In the future, we plan to expand the suite of default estimation metrics to
include dynamic internal \diet system state information (\eg queue lengths).

\subsubsection{Developer-defined Performance Metrics}

Application developers may also define performance values to be included in a
\sed response to a client request.  For example, a \diet \sed that provides a
service to query particular databases may need to include information about
which databases are currently resident in its disk cache, in order that an
appropriate server be identified for each client request.  To store such
values, the \sed developer should first choose a unique integer identifier,
referred to as the \emph{tag} to denote each logical datum to be stored.
Values are associated with tags using the following interface:
\begin{code}
int diet\_est\_set(estVector\_t ev, int userTag, double value);
\end{code}
The \texttt{ev} parameter is the estimation vector where the value will be
stored, the \texttt{userTag} parameter denotes the chosen tag, and
\texttt{value} indicates the value to be associated with the tag.  Tagged data
are used to effect scheduling policies by defining custom server response
aggregation methods, described in Section~\ref{sect:agg_methods}.

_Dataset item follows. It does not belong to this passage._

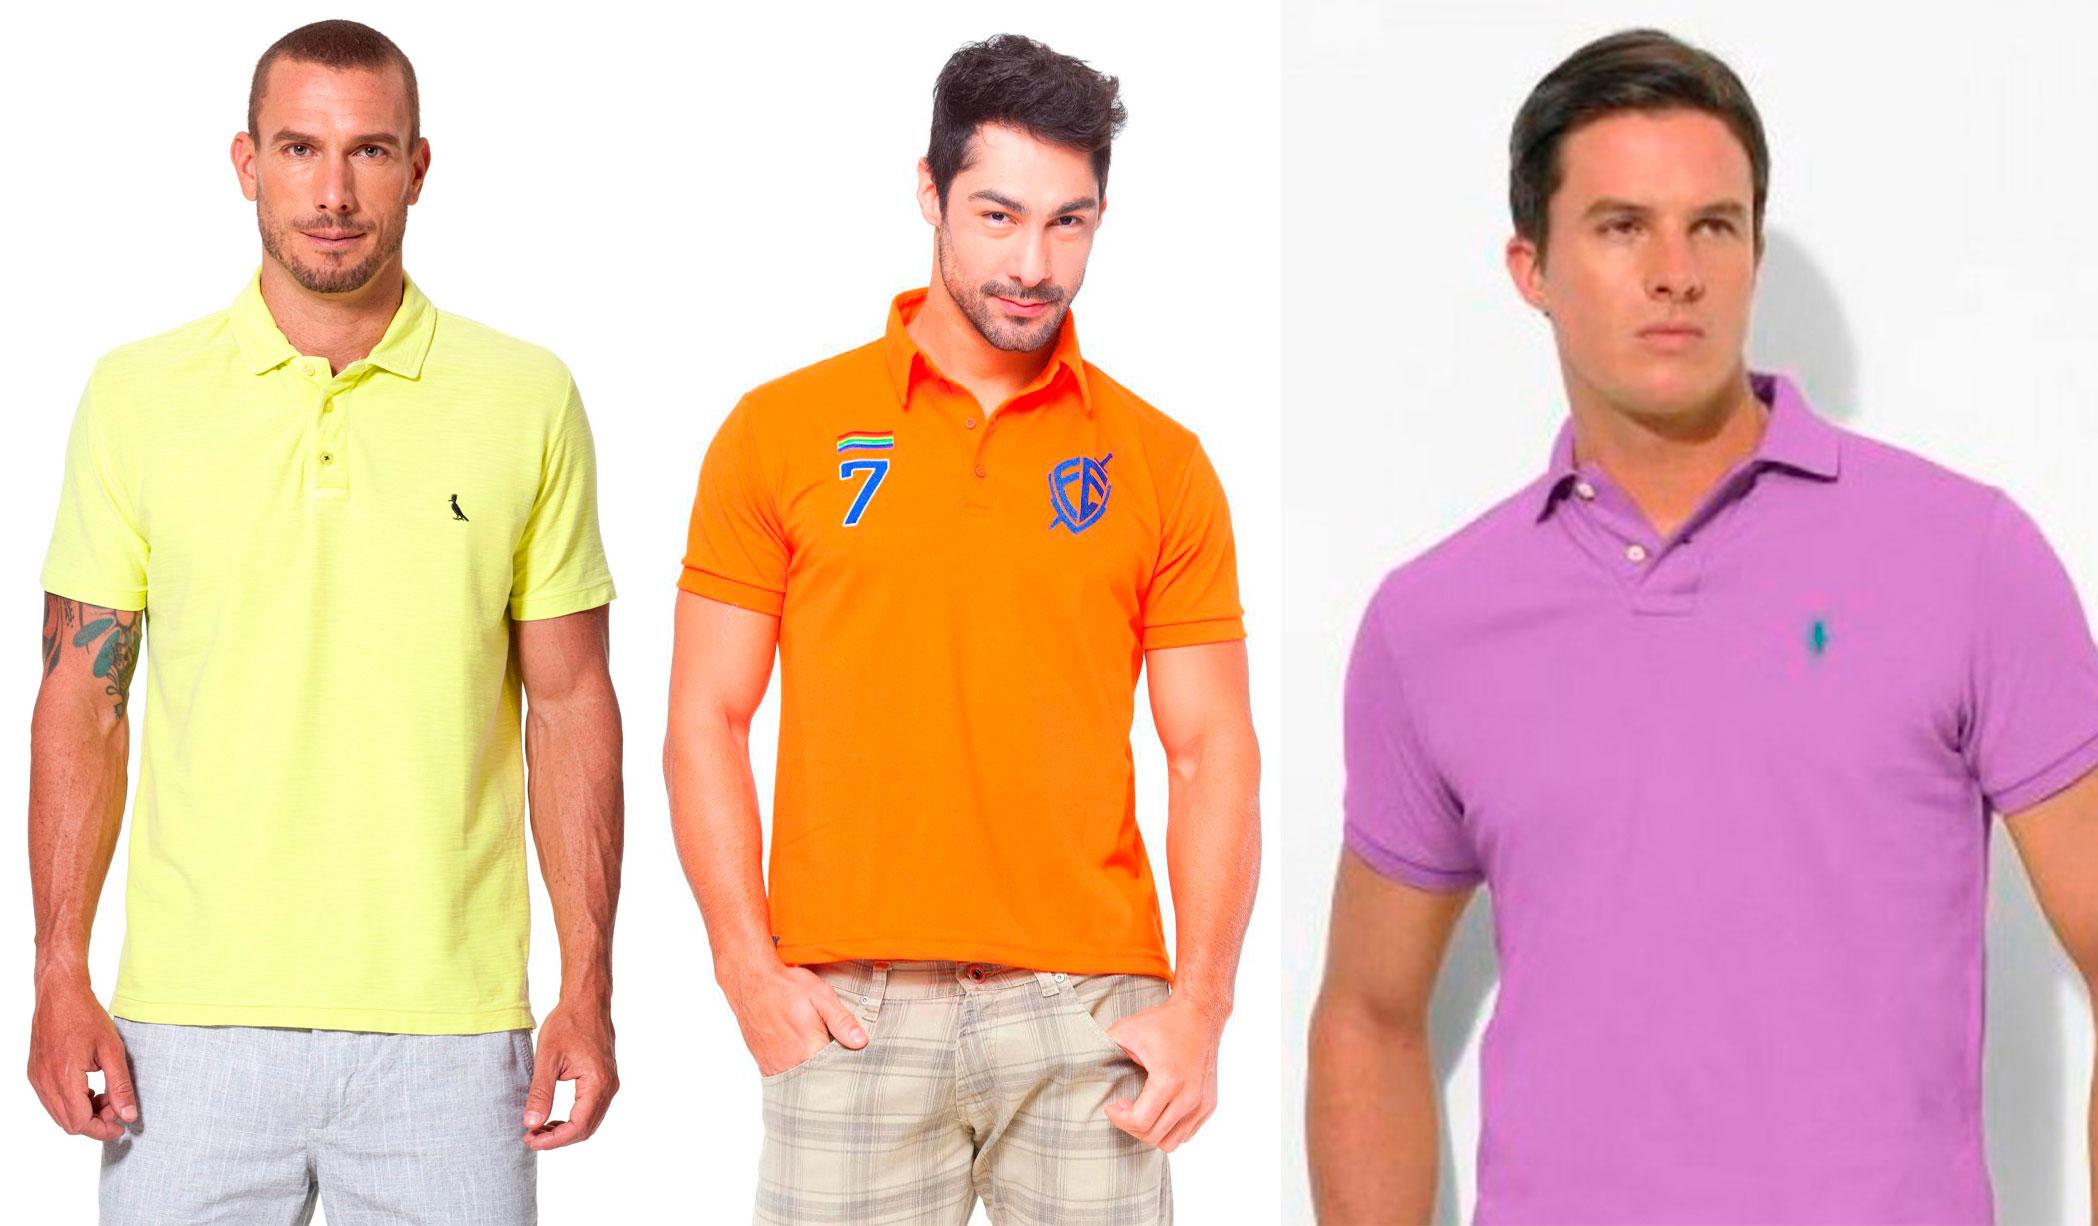 Tendência na moda masculina 2015  camisa Polo volta renovada – Pausa ... 1f1090ac45baa

\subsection{Estimation Function}\label{sect:est_fn}

The default behavior of a {\sed} when a service request arrives from its parent
agent is to store the following information in the request profile:
\begin{enumerate}
\item \textbf{Elapsed time since last execution}: To implement the default
  round-robin behavior in absence of scheduling facilities, each {\sed}
  stores a timestamp of its last execution.  When a service request arrives,
  the difference between that timestamp and the current time is added to the
  performance estimate.
\end{enumerate}
This is accomplished by using the \texttt{diet\_estimate\_lastexec} functions
described in Section~\ref{sect:estvector}.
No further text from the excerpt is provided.